The front-runner to replace her, Rep. Elise Stefanik of New York, began her congressional career in 2015 as a moderate. She voted with Mr. Trump’s policy positions only 78% of the time, according to FiveThirtyEight.
Where Representative Stefanik has surpassed Representative Cheney is in fealty to the former president’s election claims. Prior to the Jan. 6 riot, she released a statement explaining why she would vote against certification of the Electoral College votes. It contained numerous errors, and claimed falsely that 140,000 votes came from underage, dead, or otherwise ineligible voters in one Georgia county alone. The spokesperson for Georgia’s Republican secretary of state told The Washington Post’s fact-checker her claims were “ludicrous.”
Cyber Ninjas and Maricopa County
During an appearance on Steve Bannon’s radio show this week Representative Stefanik also noted that she fully supports “the audit in Arizona.”
Republicans in the Arizona state Senate are behind this controversial recount and audit. They subpoenaed 2.1 million ballots from Maricopa County and turned them over to a small cybersecurity firm, Cyber Ninjas, that critics say is not up to the job, and which has been linked to social media posts embracing Mr. Trump’s election falsehoods.
That recount is running far behind initial time estimates.
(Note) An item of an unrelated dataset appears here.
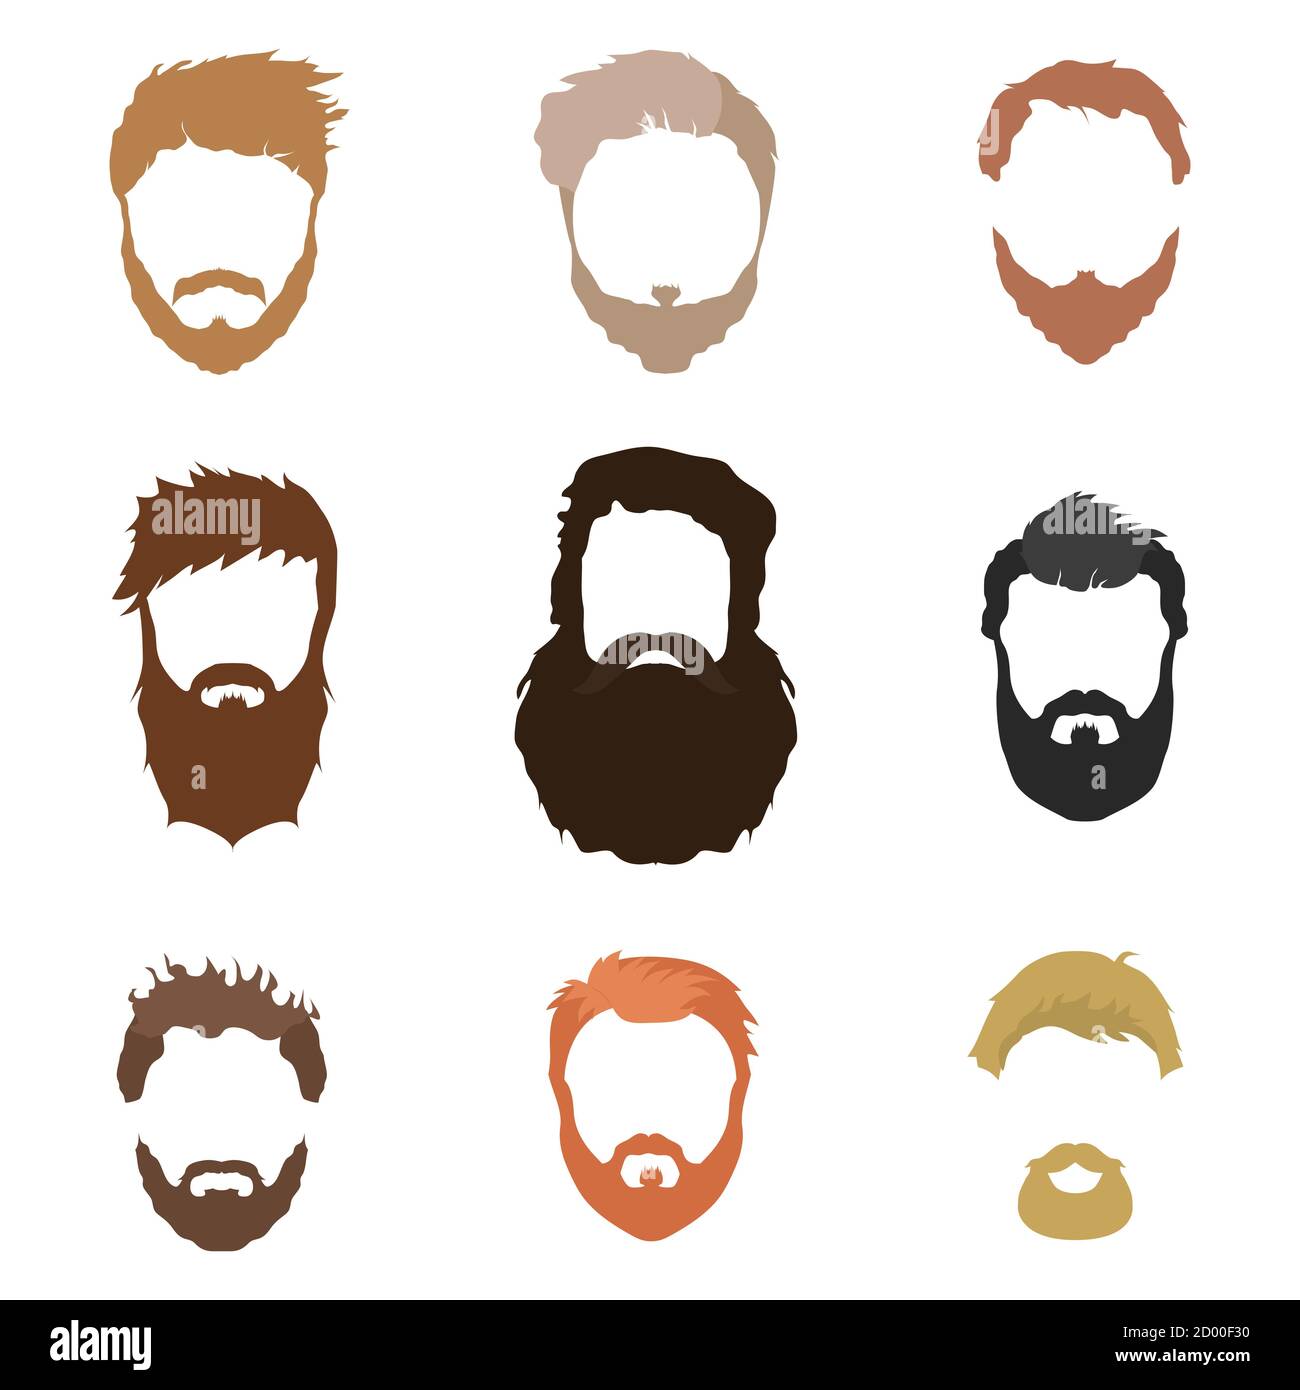 Fashionable men's hairstyle, beard, face, hair, cut-out masks Stock Vector  Image & Art - Alamy

Justice Department officials have expressed concerns that it may violate federal laws.
It is also using a special camera to try to detect whether there are particles of bamboo in ballot paper, according to John Brakey, an official helping oversee the audit. The point is to check a charge made without evidence that some 40,000 ballots were smuggled into Arizona from Asia.
Arizona’s Democratic Secretary of State Katie Hobbs on Wednesday produced a six-page letter of problems she said observers had noted at the audit, including unattended and unsecured laptops, and untrained workers using different procedures for counting.
“There doesn’t appear to be any plan or consistency in the audit procedures,” she wrote to former Arizona Secretary of State Ken Bennett, a Republican who is acting as an audit spokesperson.
Meanwhile, some of the Republican-initiated voting bills enacted or under consideration in states across the country would increase the ability of state legislatures to control or affect election procedures.
The recently passed Georgia bill, for instance, removes the secretary of state from control of the State Election Board, replacing him or her with a chairman appointed by the Georgia House and Senate. It also empowers the legislature, currently controlled by Republicans, to suspend county or municipal election superintendents and appoint temporary replacements, though the bar for such actions is set high.
Self-reinforcing loop
Added up, where are these things taking the Republican Party, and by extension American democracy as a whole?
“I’m not optimistic in the short to medium term,” says Brian Klaas, an associate professor in global politics at University College London, in an email.
The political dynamics in the Republican Party have created a self-reinforcing authoritarian loop, he says. Telling the truth about the 2020 election is a surefire path to pariah status for GOP officials. Repeating Mr. Trump’s falsehoods about the vote is not just required, but encouraged, in the sense that it can lead to advancement in the party and stardom in conservative media.
Institutional reforms within the party or the American election system could break the link between “authoritarian lunacy” and personal advancement.
“But for now, those reforms seem highly unlikely and I am worried that the Republican trajectory will continue to worsen,” says Professor Klaas.